### TASK STATEMENT
Copy out the data line by line exactly, from its start to the line bearing "20220609玉川高島屋の渡り廊下に飾ってある紫陽花の鉢植え", inclusive.

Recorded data

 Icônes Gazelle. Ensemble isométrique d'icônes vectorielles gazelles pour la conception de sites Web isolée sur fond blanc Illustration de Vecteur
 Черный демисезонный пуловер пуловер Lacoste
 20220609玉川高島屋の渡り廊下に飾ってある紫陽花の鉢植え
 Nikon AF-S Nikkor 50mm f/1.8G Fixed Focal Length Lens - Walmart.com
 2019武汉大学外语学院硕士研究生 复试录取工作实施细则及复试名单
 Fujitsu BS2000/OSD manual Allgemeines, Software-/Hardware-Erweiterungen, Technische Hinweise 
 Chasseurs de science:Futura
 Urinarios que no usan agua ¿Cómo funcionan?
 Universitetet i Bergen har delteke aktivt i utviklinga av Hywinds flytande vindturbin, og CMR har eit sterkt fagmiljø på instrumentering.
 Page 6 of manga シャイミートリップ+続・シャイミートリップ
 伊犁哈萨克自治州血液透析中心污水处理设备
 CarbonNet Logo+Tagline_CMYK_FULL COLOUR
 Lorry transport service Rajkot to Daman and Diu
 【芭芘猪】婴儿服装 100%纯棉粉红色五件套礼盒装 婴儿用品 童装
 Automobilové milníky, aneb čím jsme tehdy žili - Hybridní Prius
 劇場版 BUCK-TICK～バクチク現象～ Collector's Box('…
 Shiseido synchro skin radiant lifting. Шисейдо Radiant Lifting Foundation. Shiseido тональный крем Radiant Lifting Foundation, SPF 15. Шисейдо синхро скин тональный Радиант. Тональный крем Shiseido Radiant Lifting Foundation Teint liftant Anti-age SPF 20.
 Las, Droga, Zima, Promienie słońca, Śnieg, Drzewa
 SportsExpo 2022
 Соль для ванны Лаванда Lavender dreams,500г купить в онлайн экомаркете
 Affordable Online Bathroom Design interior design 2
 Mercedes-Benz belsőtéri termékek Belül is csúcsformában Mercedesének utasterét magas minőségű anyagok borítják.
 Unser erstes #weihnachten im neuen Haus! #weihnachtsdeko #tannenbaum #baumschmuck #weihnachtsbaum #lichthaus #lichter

### COMPLETED TASK
 Icônes Gazelle. Ensemble isométrique d'icônes vectorielles gazelles pour la conception de sites Web isolée sur fond blanc Illustration de Vecteur
 Черный демисезонный пуловер пуловер Lacoste
 20220609玉川高島屋の渡り廊下に飾ってある紫陽花の鉢植え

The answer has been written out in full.